Problem: For this exercise, restate every line below word for word and drop the images.

Information supplied:
· · ·

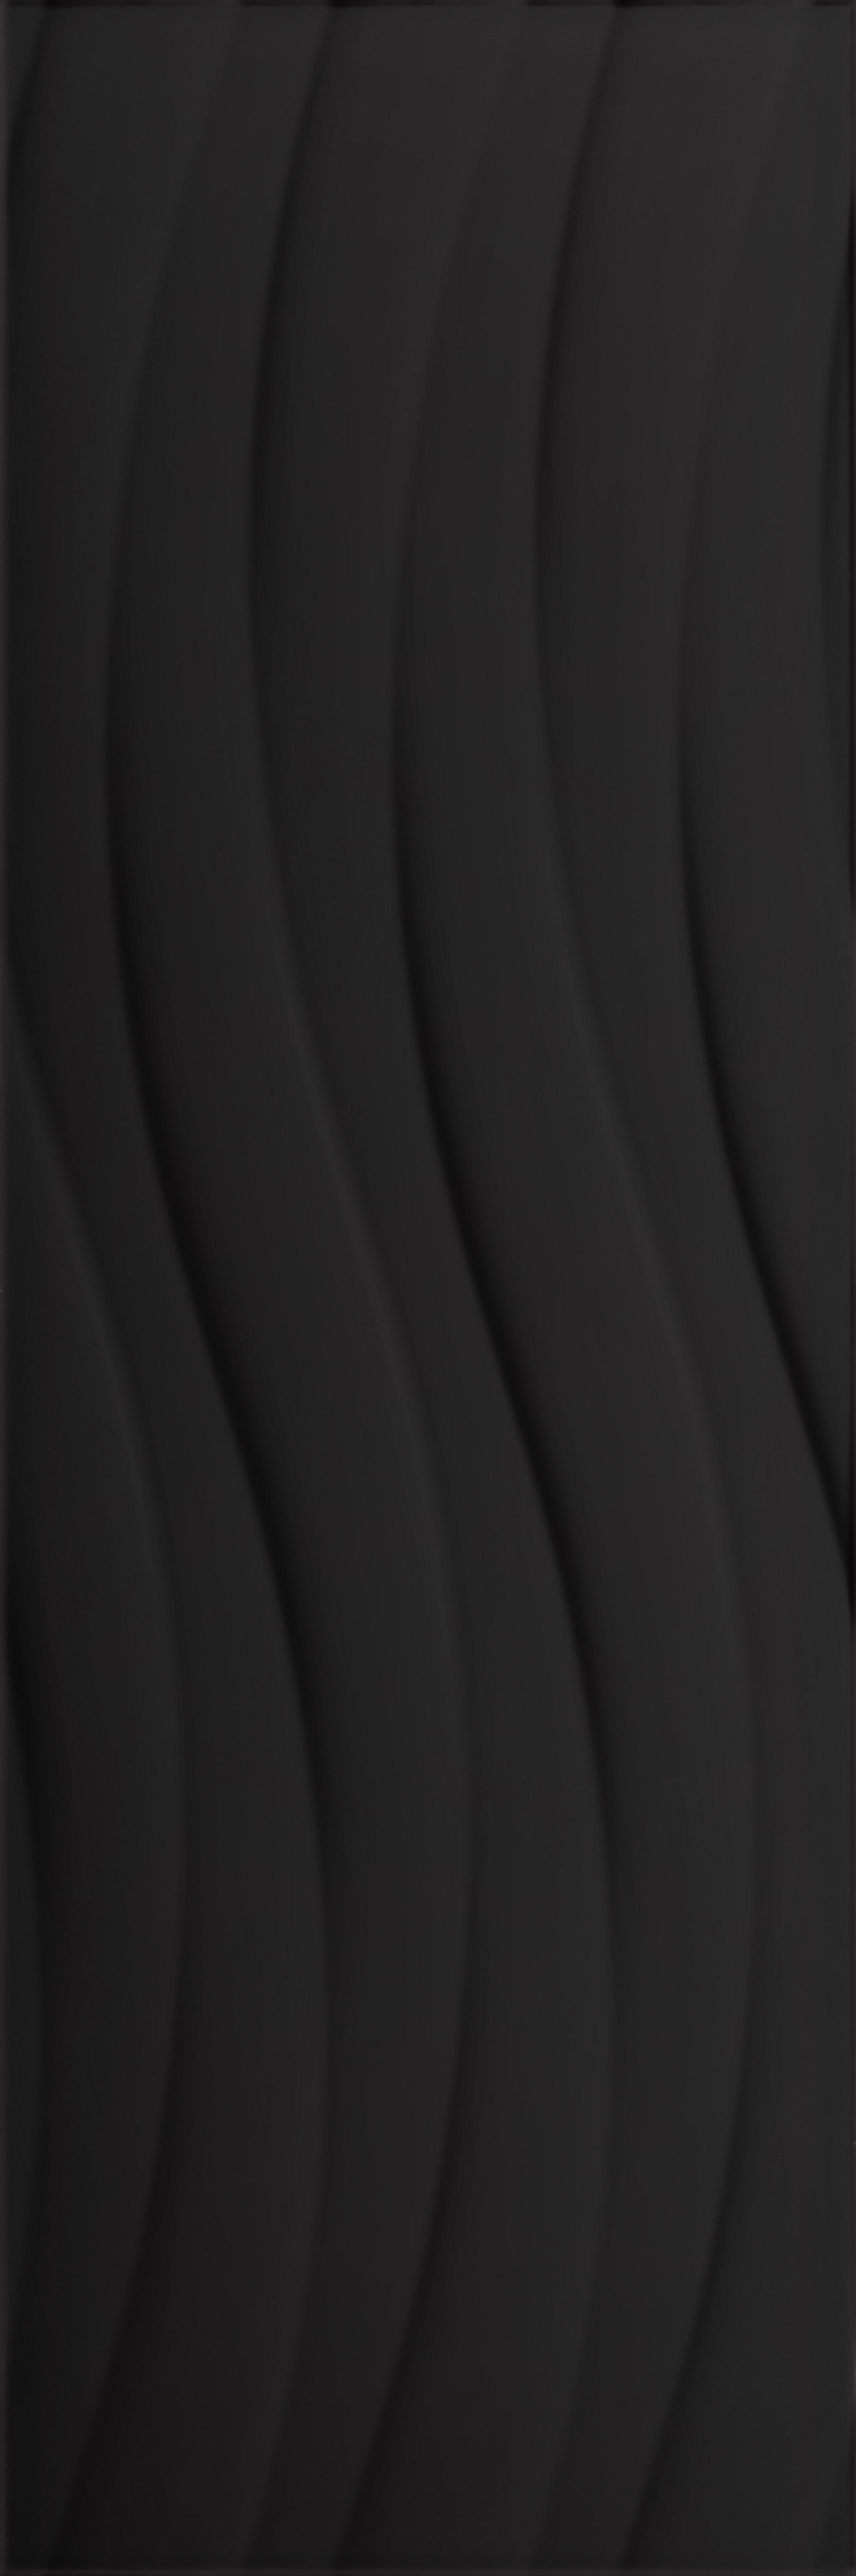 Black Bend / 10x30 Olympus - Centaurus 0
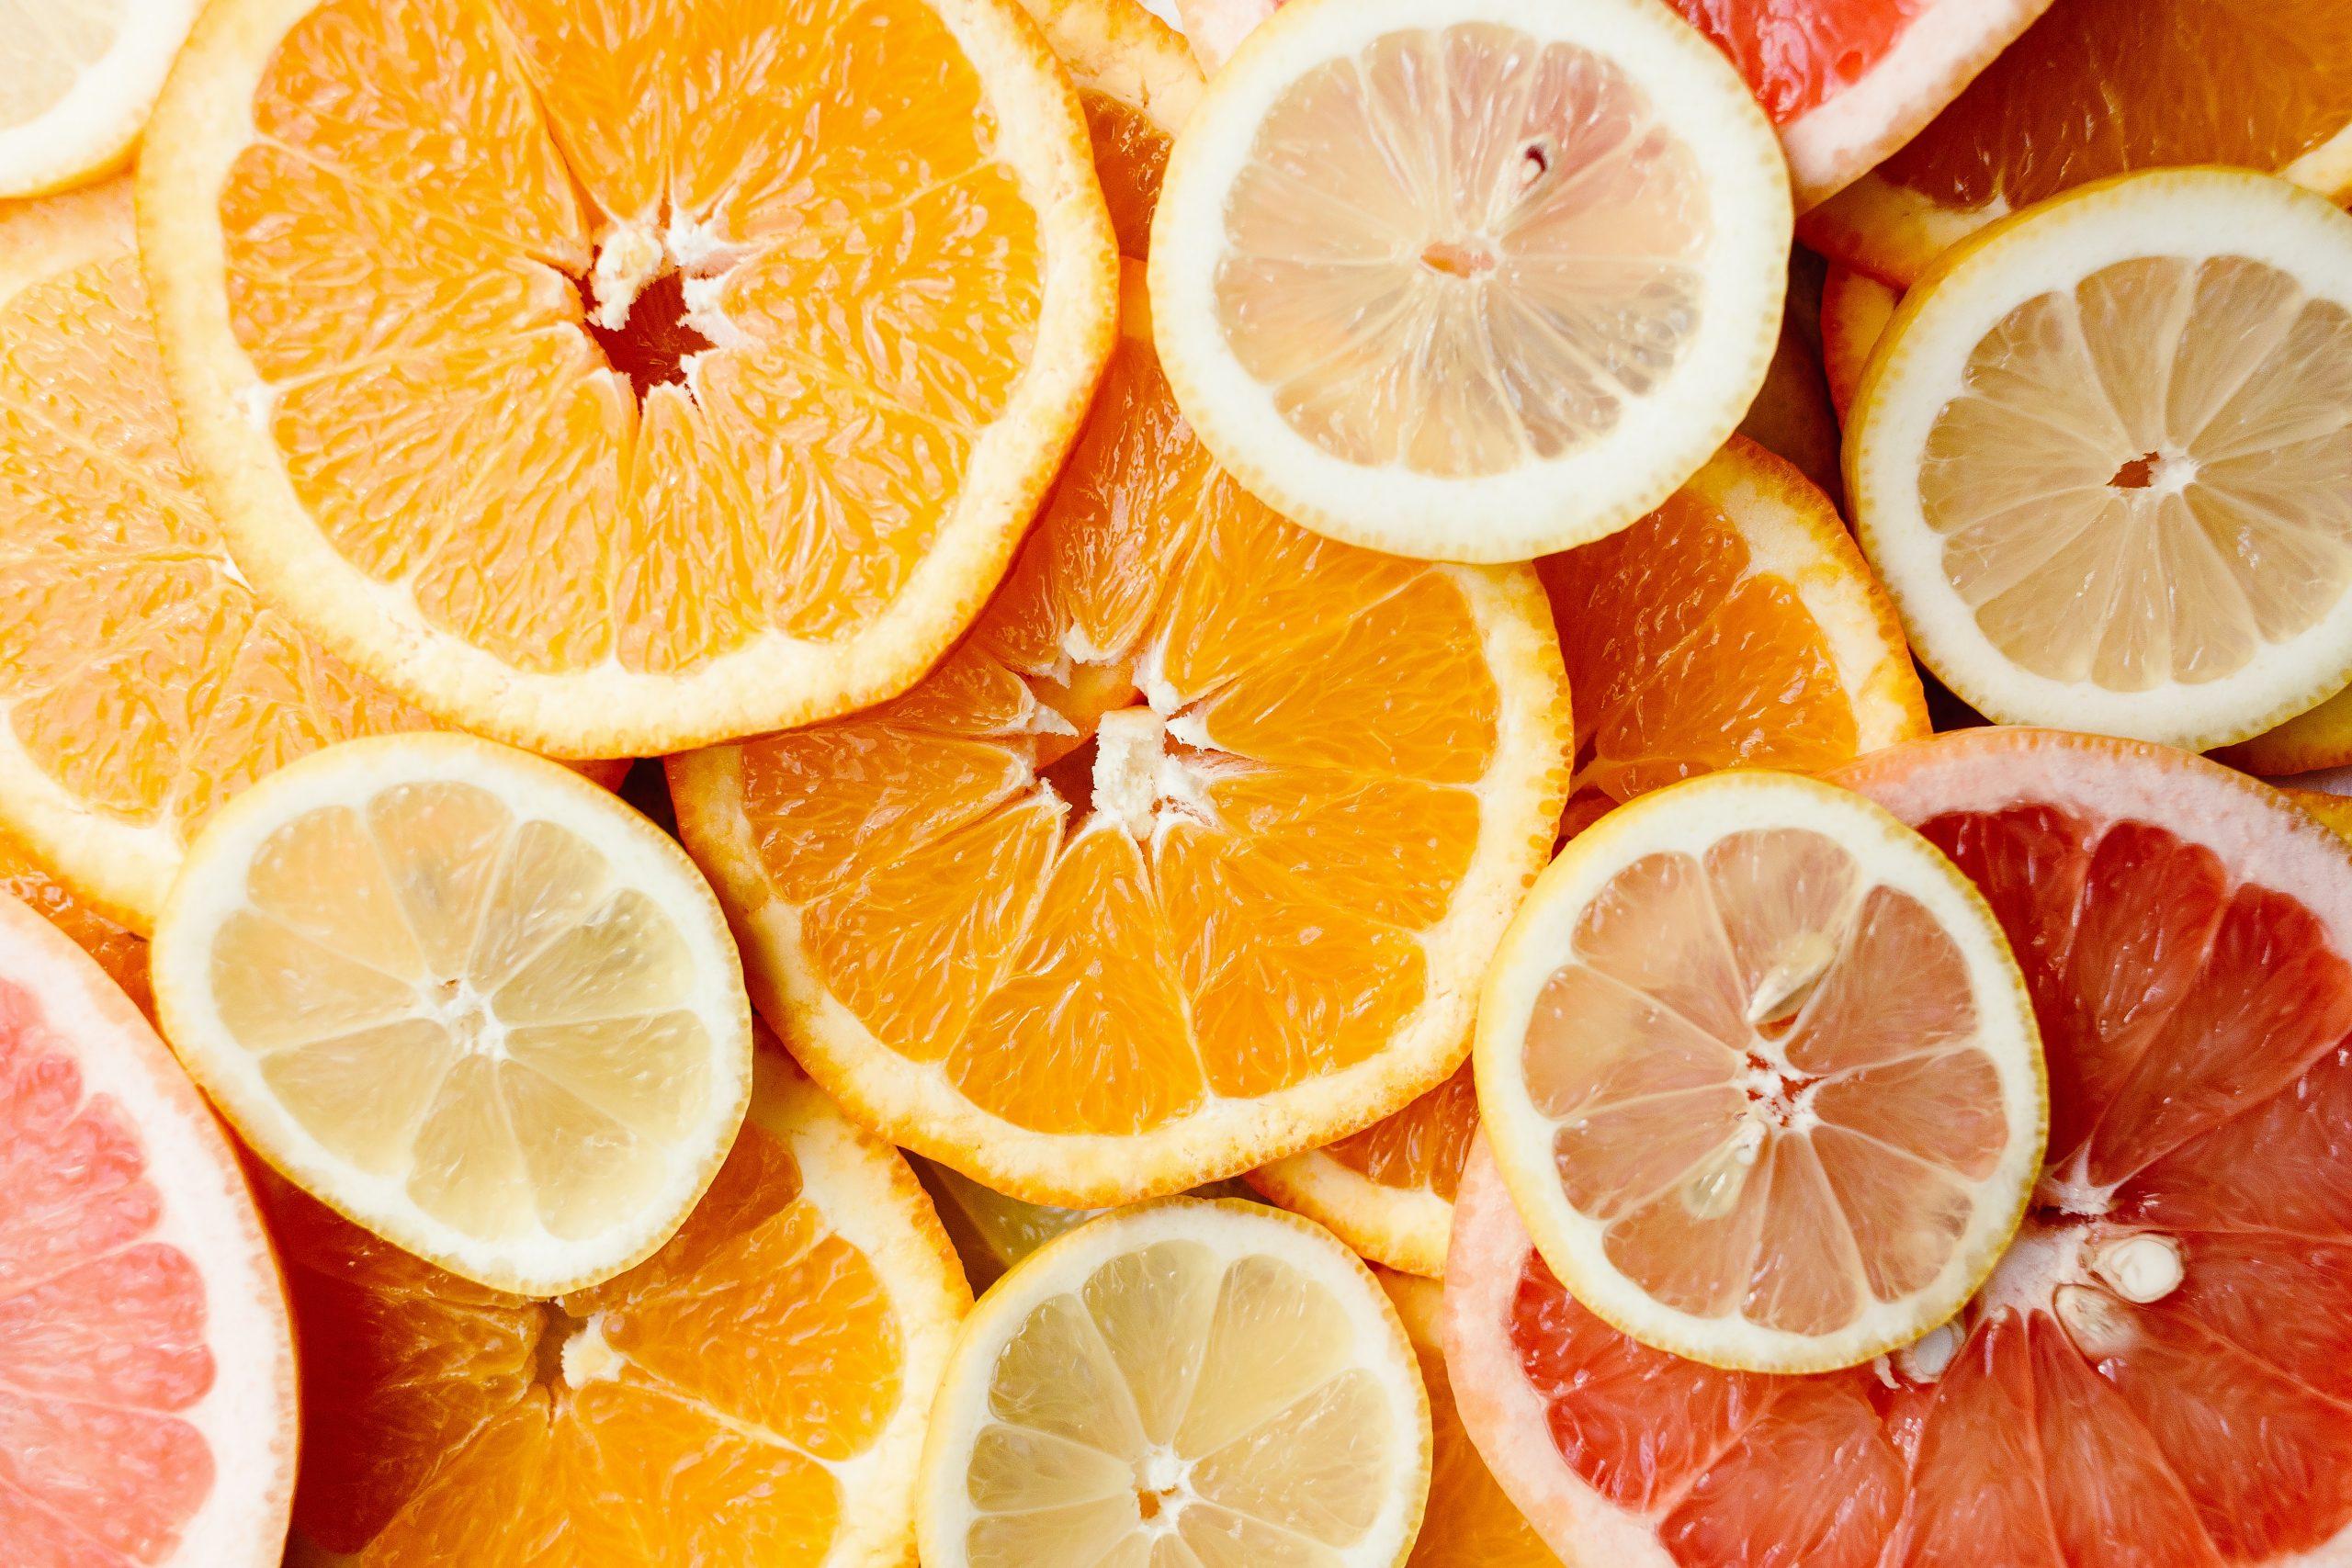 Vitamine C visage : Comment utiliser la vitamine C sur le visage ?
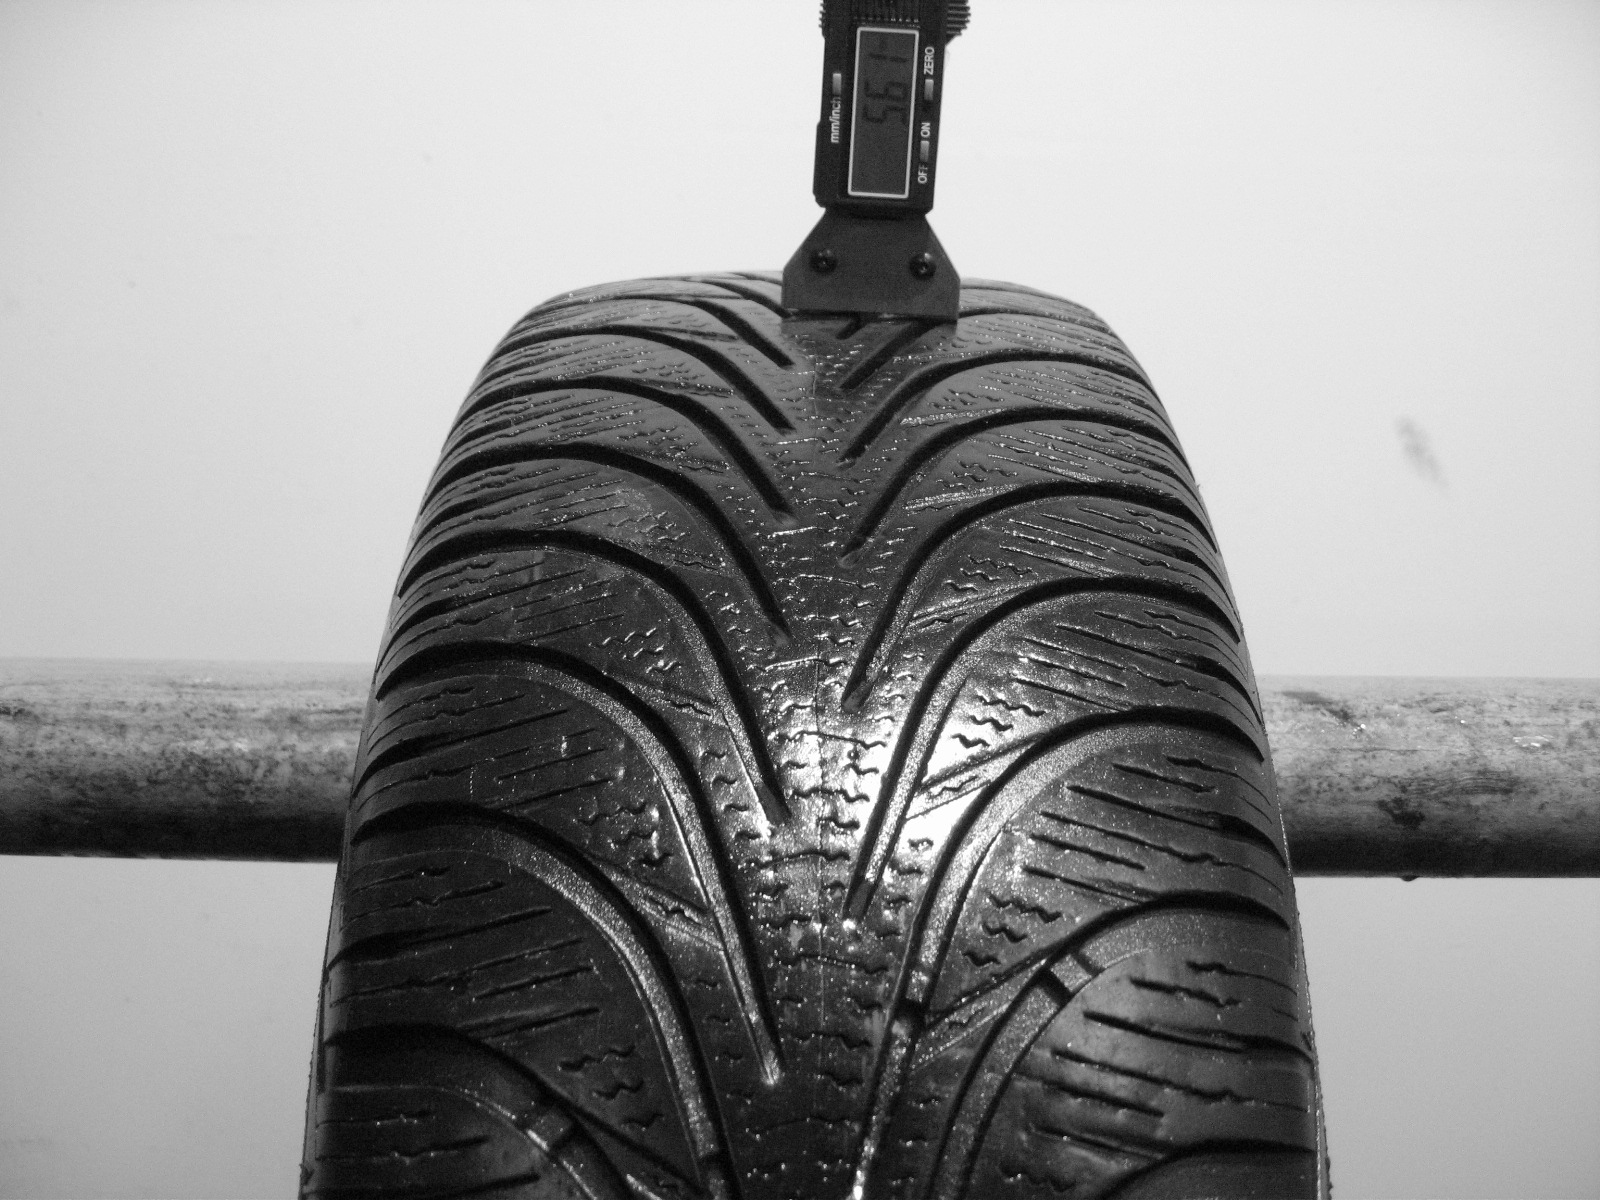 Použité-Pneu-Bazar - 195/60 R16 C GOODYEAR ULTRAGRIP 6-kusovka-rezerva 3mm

· · ·

Response for this exercise:
 Black Bend / 10x30 Olympus - Centaurus 0
 Vitamine C visage : Comment utiliser la vitamine C sur le visage ?
 Použité-Pneu-Bazar - 195/60 R16 C GOODYEAR ULTRAGRIP 6-kusovka-rezerva 3mm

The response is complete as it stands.